Detractors have complained that a thorough cleaning and focus on attracting higher-quality merchants would do much more for the state of downtown than the installation of a light rail, and that the first established routes will not even reach the middle and upper classes in the suburbs whom the municipality desperately wants to draw back into the heart of the city. And Jerusalem residents are getting tired of the ceaseless, and often pointless, tearing up of major roads (many of which were already clogged with traffic before construction) and knocking down of buildings to accommodate track-laying. And the problems are only getting worse, according to an article in last Friday's Jerusalem Post:

The latest incident involves sophisticated track-laying machinery imported from France that has simply failed to function properly. The device, called the Appitrack, should be able to lay tracks at least four times faster than human hands. On average, a team of workers can lay 20 to 30 meters of track per day, while the machinery should be able to lay up to 170 meters a day.

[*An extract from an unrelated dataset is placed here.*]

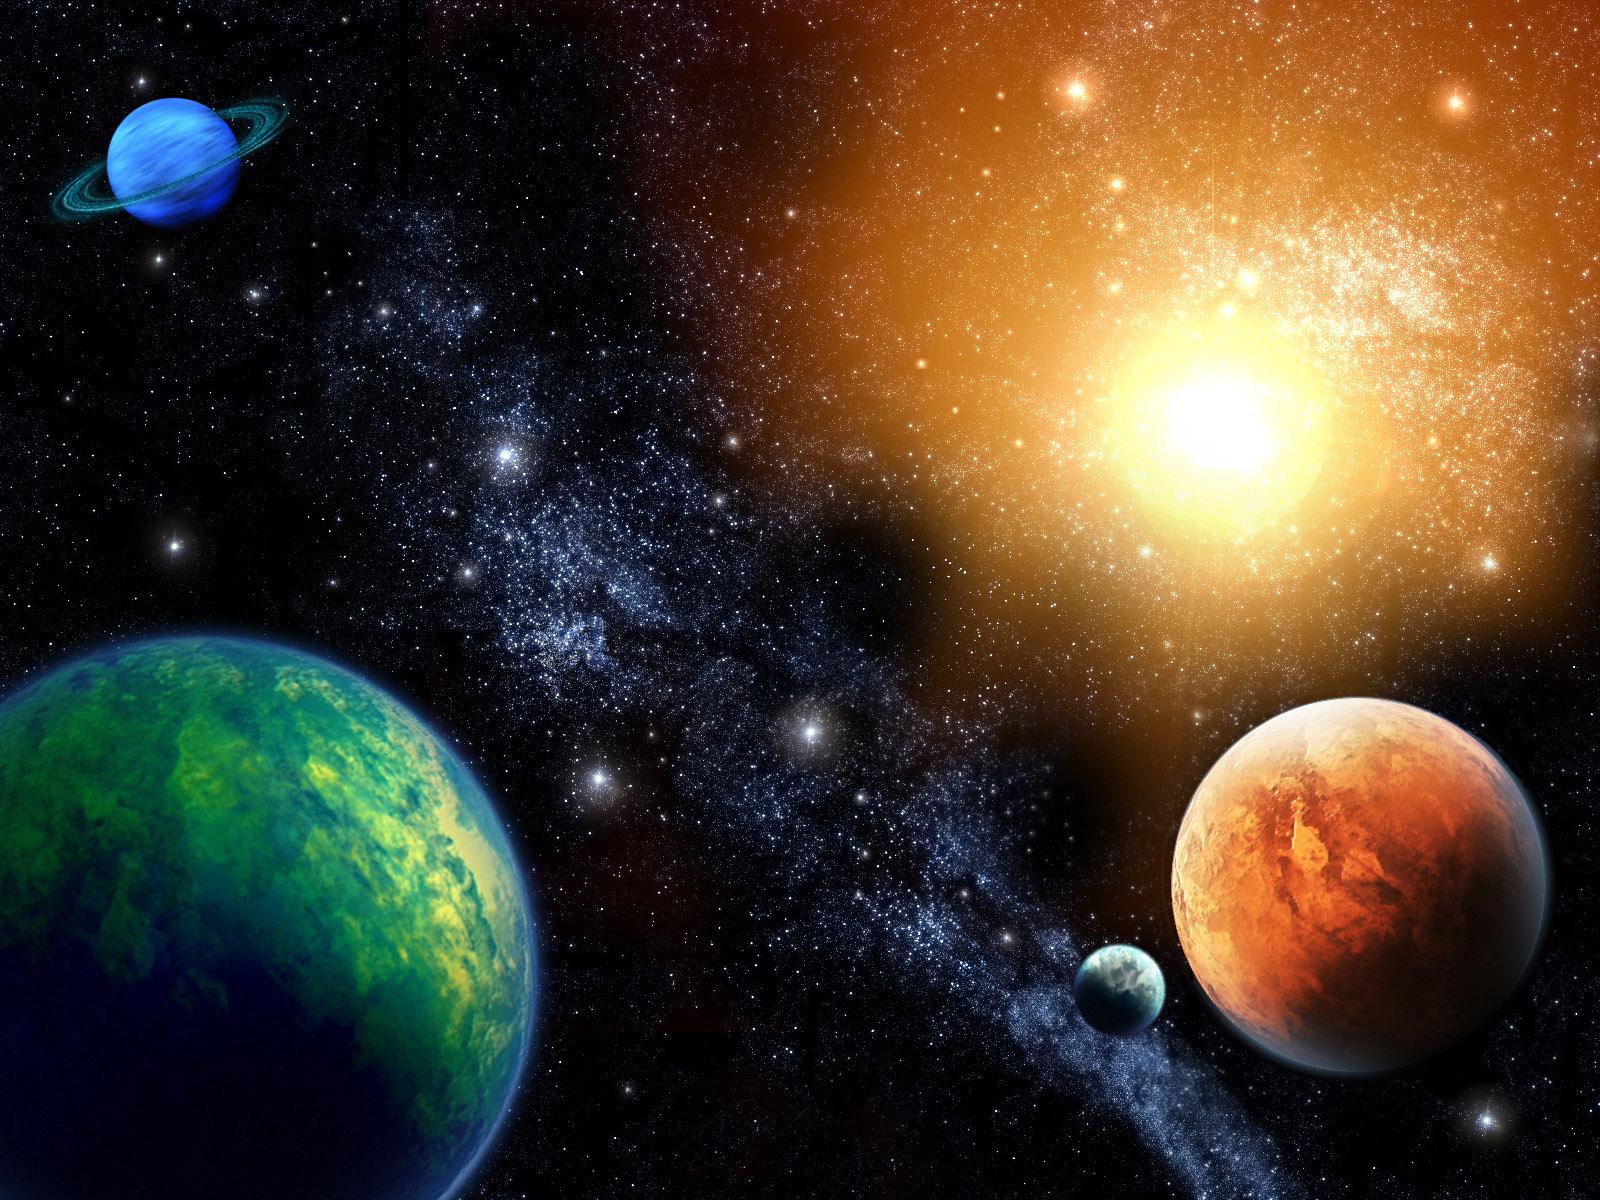 http://3.bp.blogspot.com/_3yq24CtI35M/TJuN1hTDaBI/AAAAAAAAA7E/OSF8i42fxn0/s1600/digital-universe-1441.jpg

The technology that should be laying track at an admirable rate throughout the city works via a twofold process. First, the SlipForm machine - a concrete spreader - tightens a secondary layer of wet cement. Second, the Appitrack machine rolls over the wet cement and sticks in the pins and plates like candles into birthday cake. When the cement dries, the pins are in place and the rails can be laid accurately and efficiently.

So what went wrong?

According to light rail spokesman Shmuel Elgrabli, this is the first light rail project in the world to decide to use the Appitrack device. It was built in France and tested in the factory there, but never used before on an actual urban track. CityPass dug up the street along Sderot Herzl all at once since it thought it could lay the track in a couple of days. But lack of experience, different conditions from France and "growing pains" meant delays, as the concrete below the tracks was wobbly in some places, and 250 meters at the beginning point at Mount Herzl had to be removed after it was laid down.

As a result, there have been six months of delays, during which nothing has been done.

As an Israeli would say: oy va'avoi.

Jerusalemite thinks Jerusalem residents deserve better than this. And if they municipality can't get the light rail done right, or even on time, can they at least stop putting up signs with pictures of the complete train saying "Thanks for the patience" before they've even done anything?